**Prompt:** Starting with the line that holds "Kadın Çiçek Desenli Astarlı Şifon Elbise" and stopping after the line that holds "Плед Mona Liza Classic Monet, цвет: светло-розовый, 140", repeat the lines below word for word, without the pictures.

**Source material:**
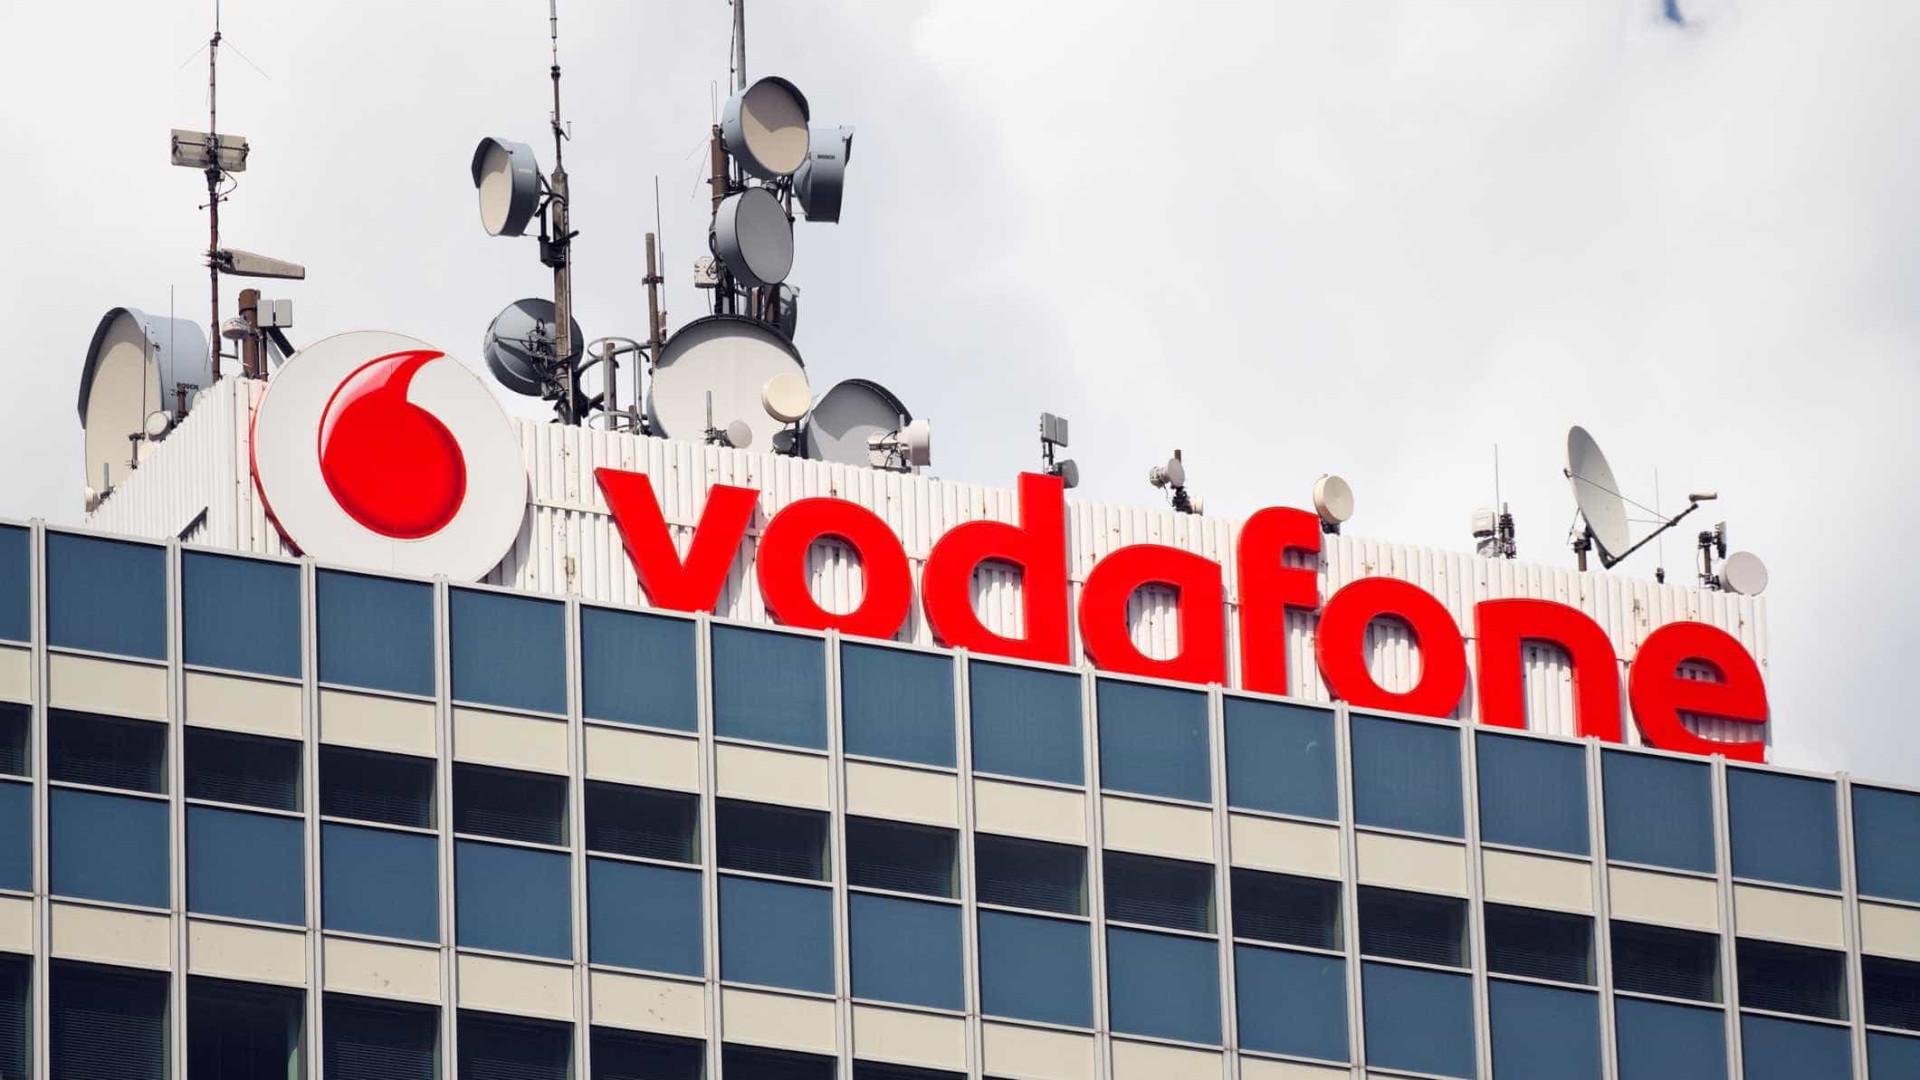 """Vodafone sem decisão tomada """"até à data"""" sobre eventual aumento de preços"""
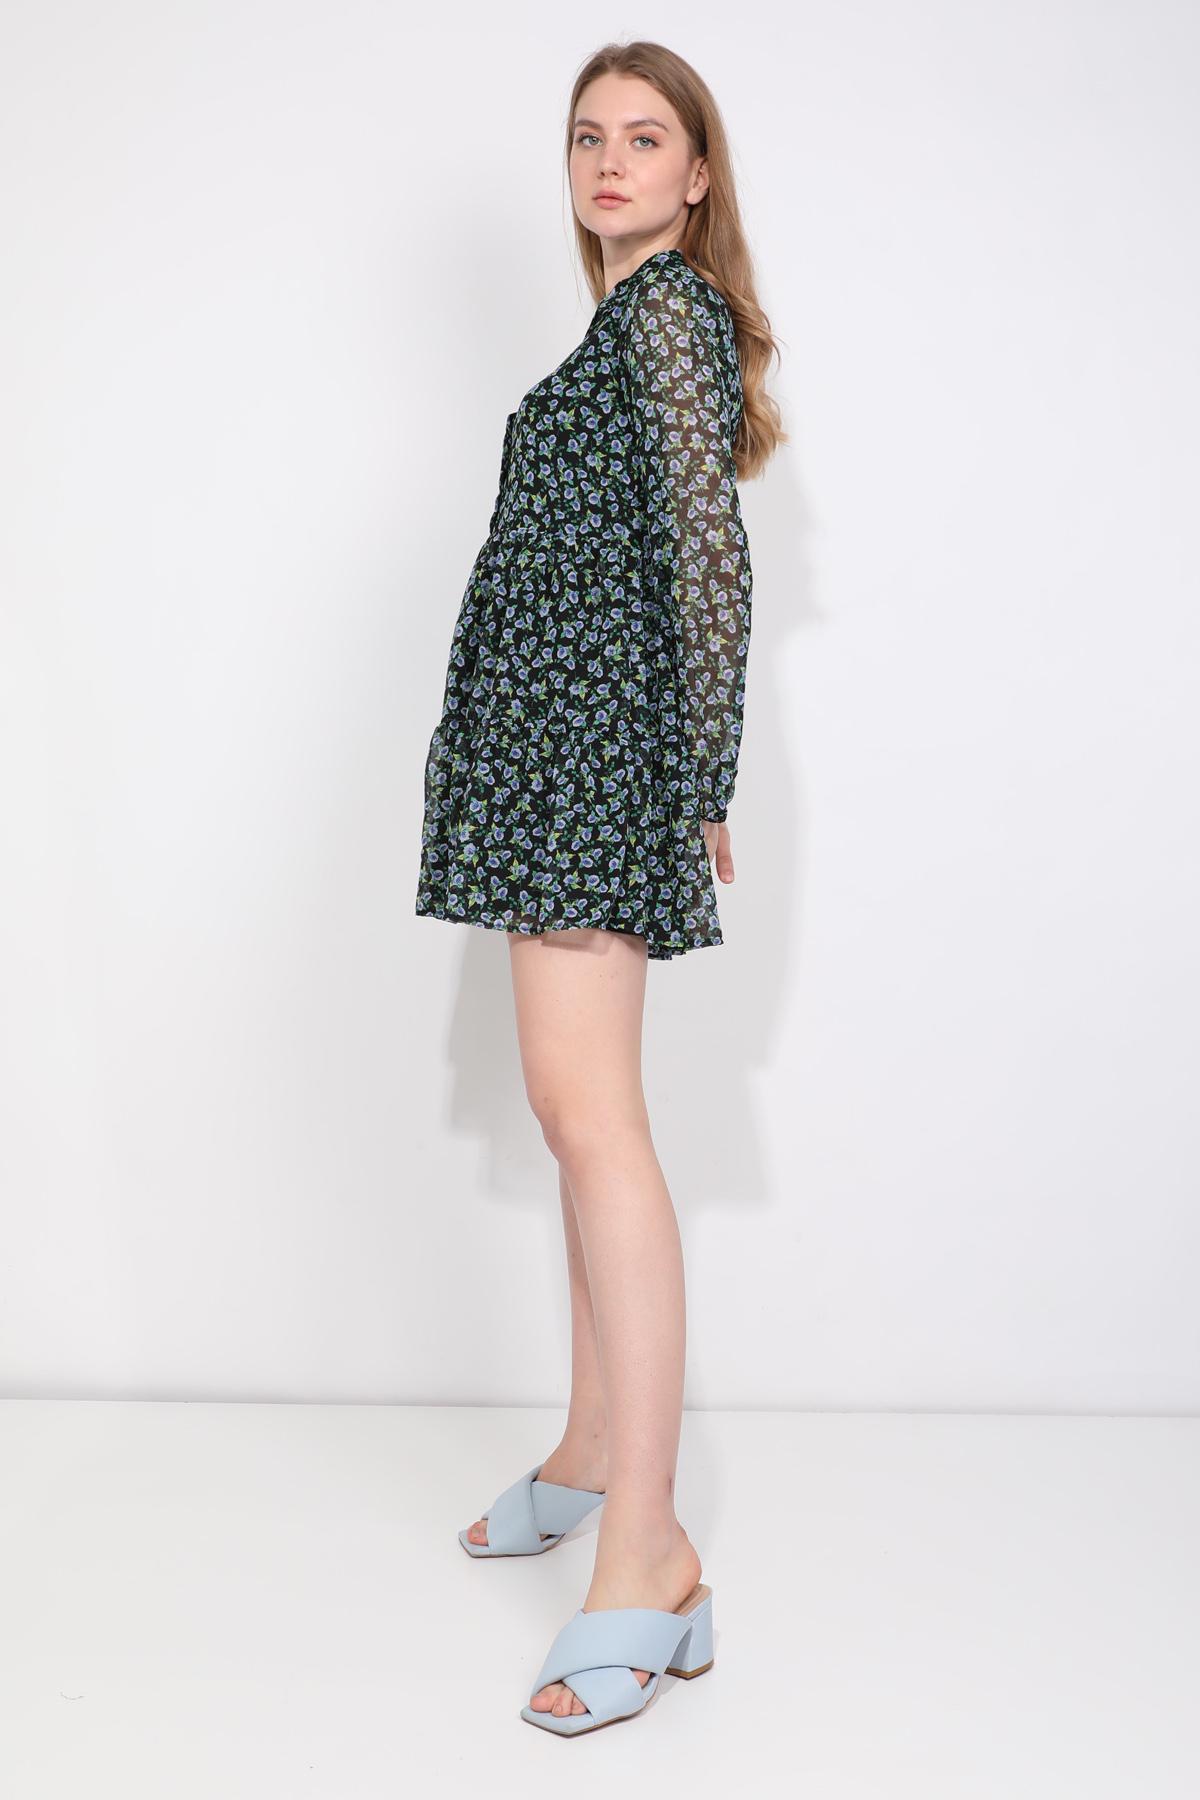 Kadın Çiçek Desenli Astarlı Şifon Elbise
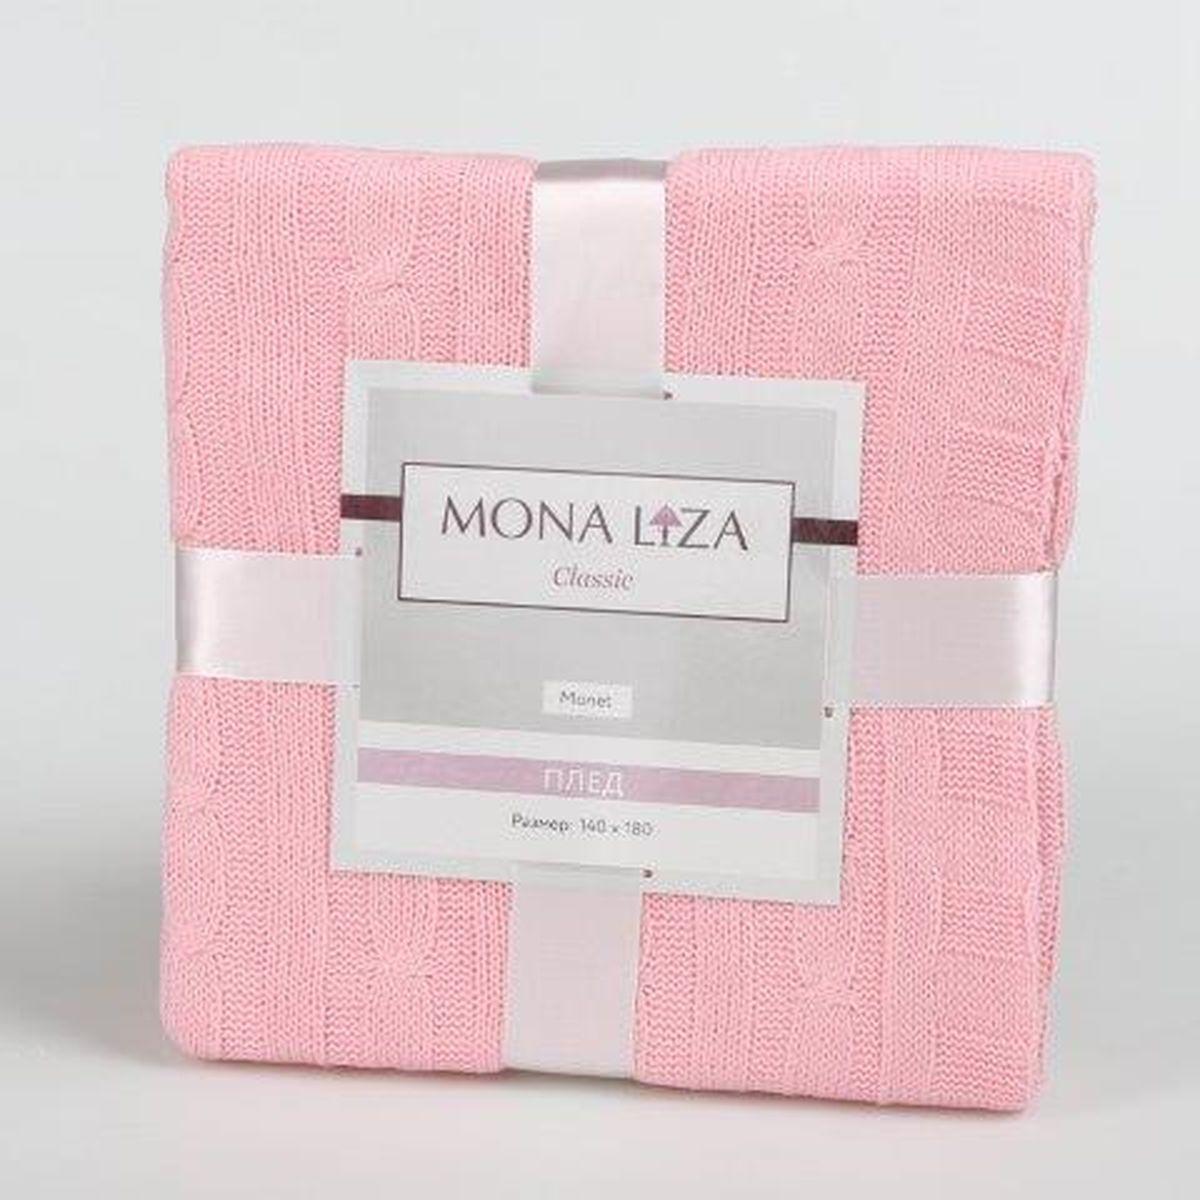 Плед Mona Liza Classic Monet, цвет: светло-розовый, 140 см х 180 см520403/2Оригинальный вязаный плед Mona Liza Classic Monet послужит теплым, мягким и практичным подарком близким людям. Плед изготовлен из высококачественного 100% акрила.Яркий и приятный на ощупь плед Mona Liza Classic Monet станет отличным дополнением в вашем интерьере.
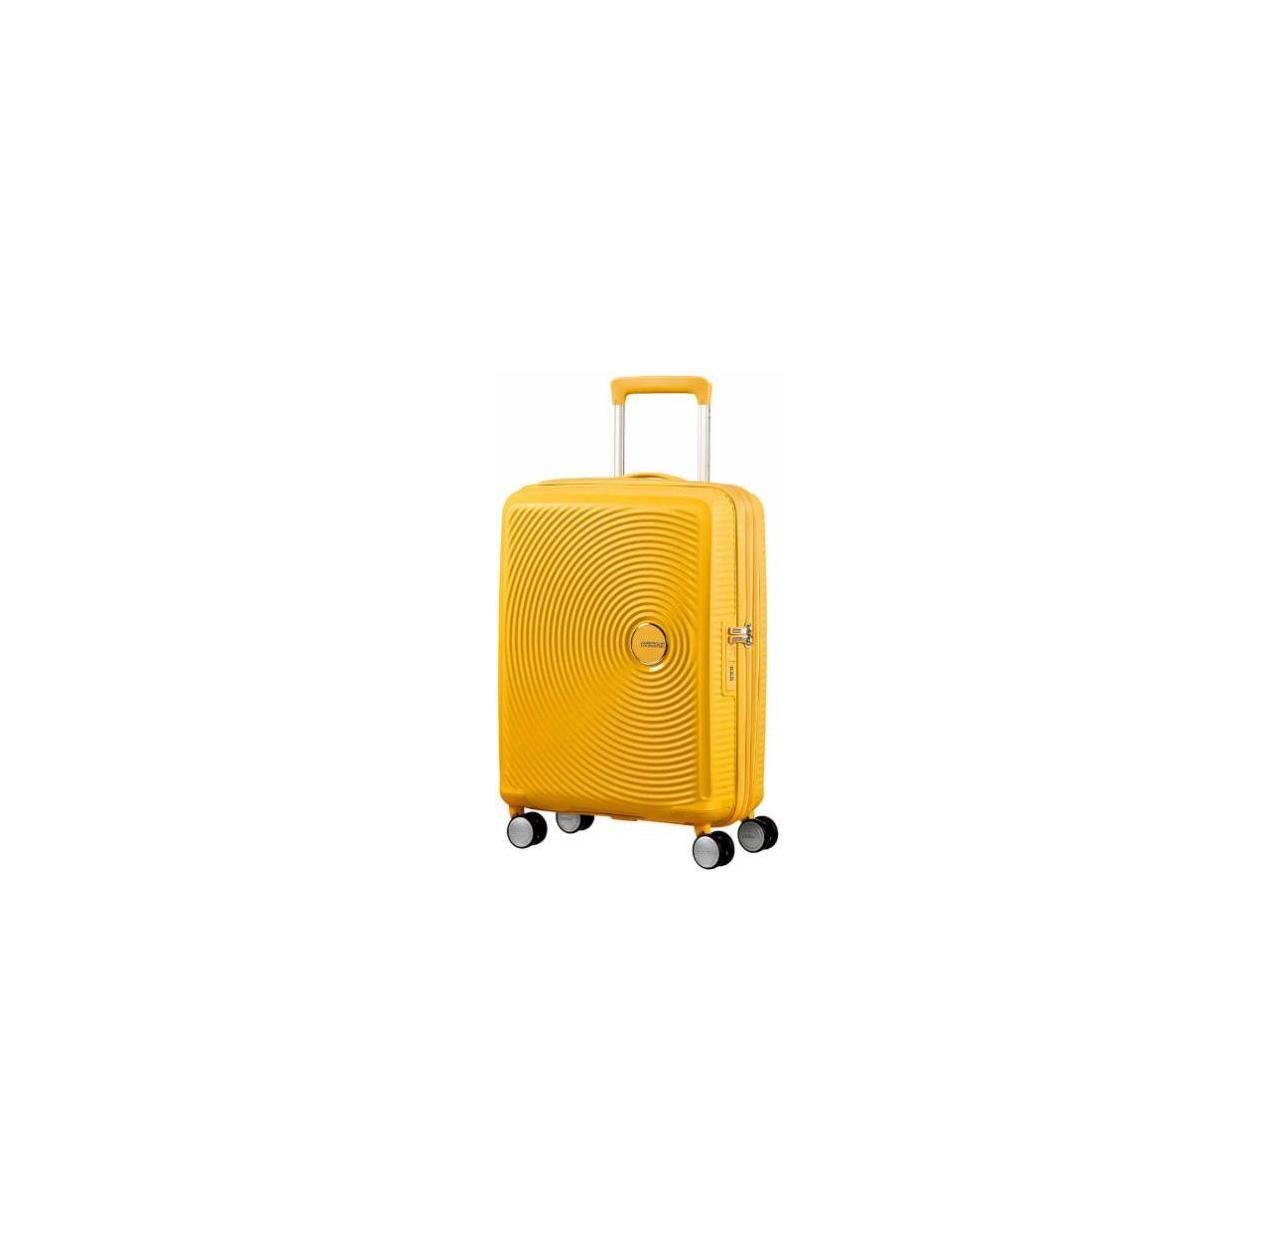 0a4f9c15a4207 Walizka SAMSONITE 32G06001 SOUNDBOX-55/20 TSA,EXP bagaż, 4 kółka,

**Result:**
 Kadın Çiçek Desenli Astarlı Şifon Elbise
 Плед Mona Liza Classic Monet, цвет: светло-розовый, 140 см х 180 см520403/2Оригинальный вязаный плед Mona Liza Classic Monet послужит теплым, мягким и практичным подарком близким людям. Плед изготовлен из высококачественного 100% акрила.Яркий и приятный на ощупь плед Mona Liza Classic Monet станет отличным дополнением в вашем интерьере.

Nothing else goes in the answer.